## Task to complete
Only one span of the listing below is wanted: the lines from the one with "cleancult Bar Soap" through the one with "Hutcheson Real Estate", reproduced exactly, both ends kept.

## Given information

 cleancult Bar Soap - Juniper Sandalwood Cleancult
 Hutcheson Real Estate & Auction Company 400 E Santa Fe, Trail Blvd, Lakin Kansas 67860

==

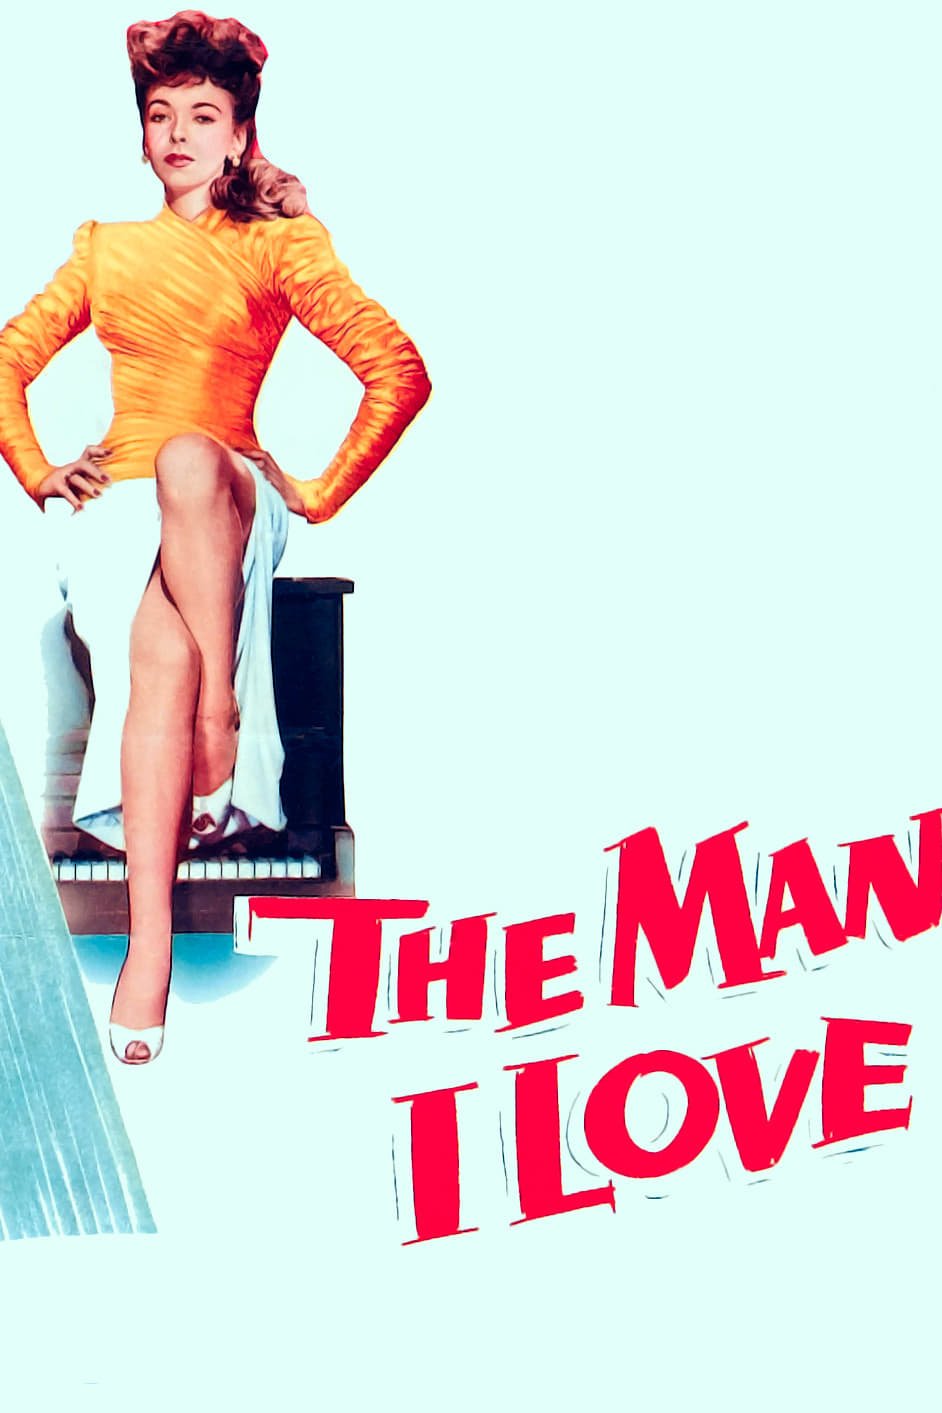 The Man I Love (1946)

* * *

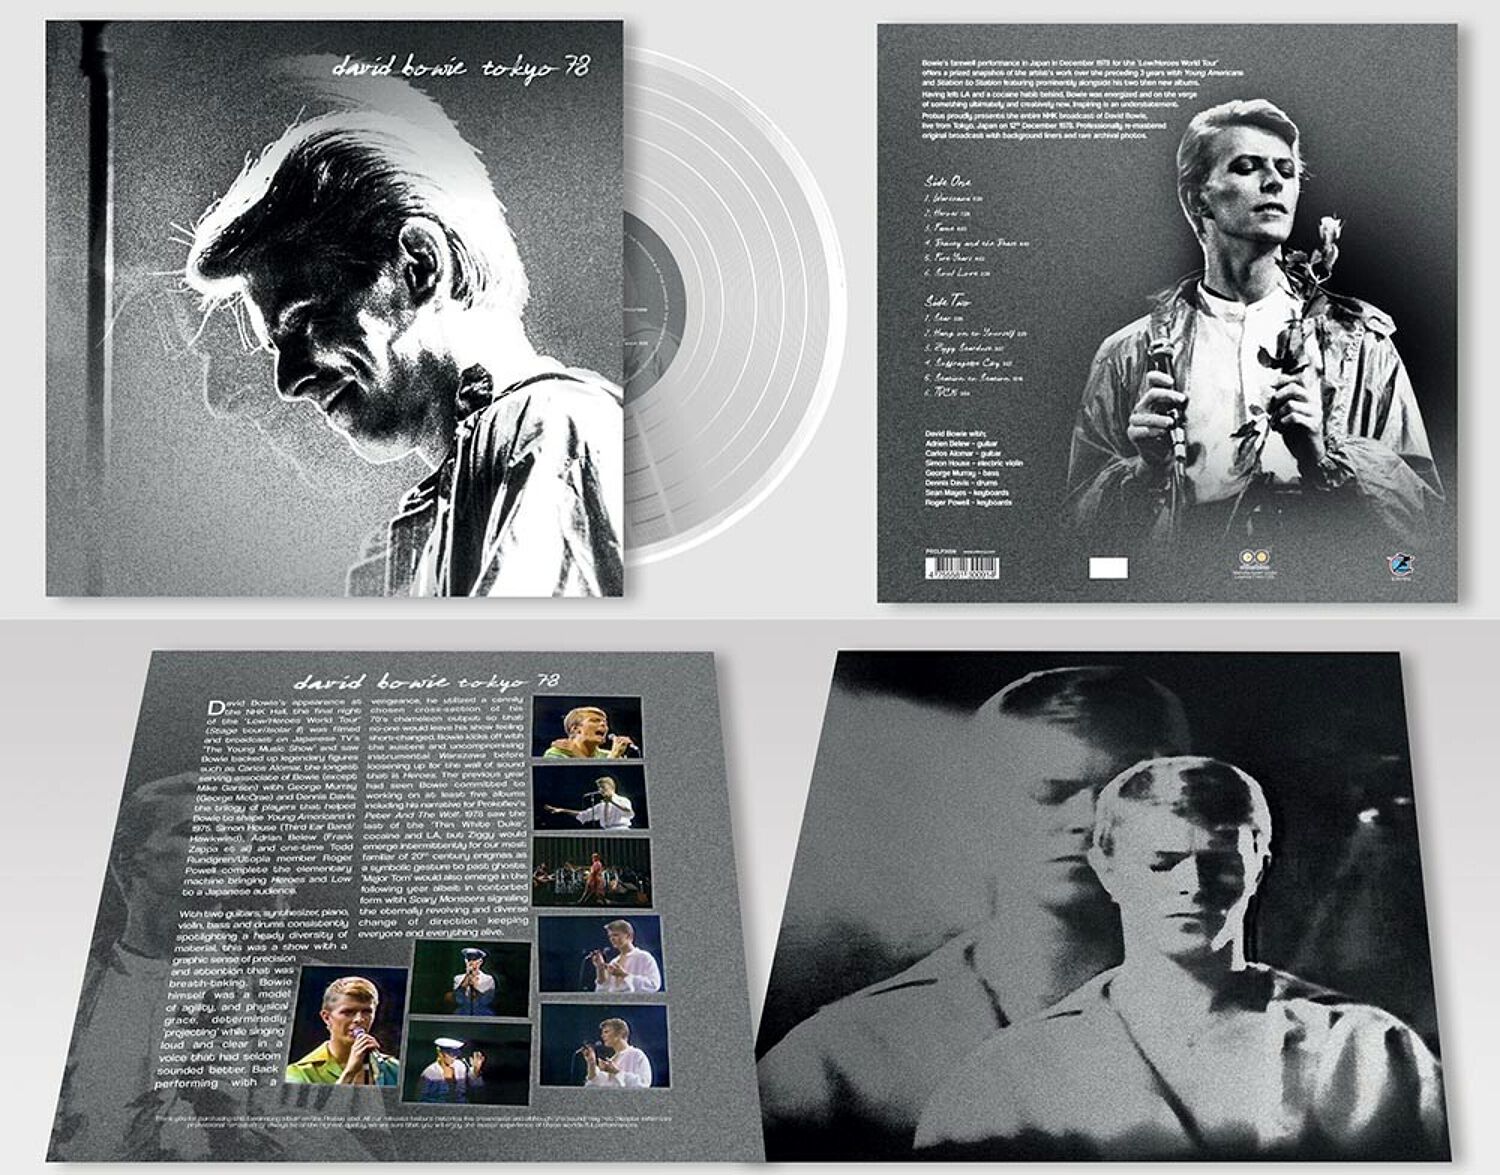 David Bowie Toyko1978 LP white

## Answer for this exercise
 cleancult Bar Soap - Juniper Sandalwood Cleancult
 Hutcheson Real Estate & Auction Company 400 E Santa Fe, Trail Blvd, Lakin Kansas 67860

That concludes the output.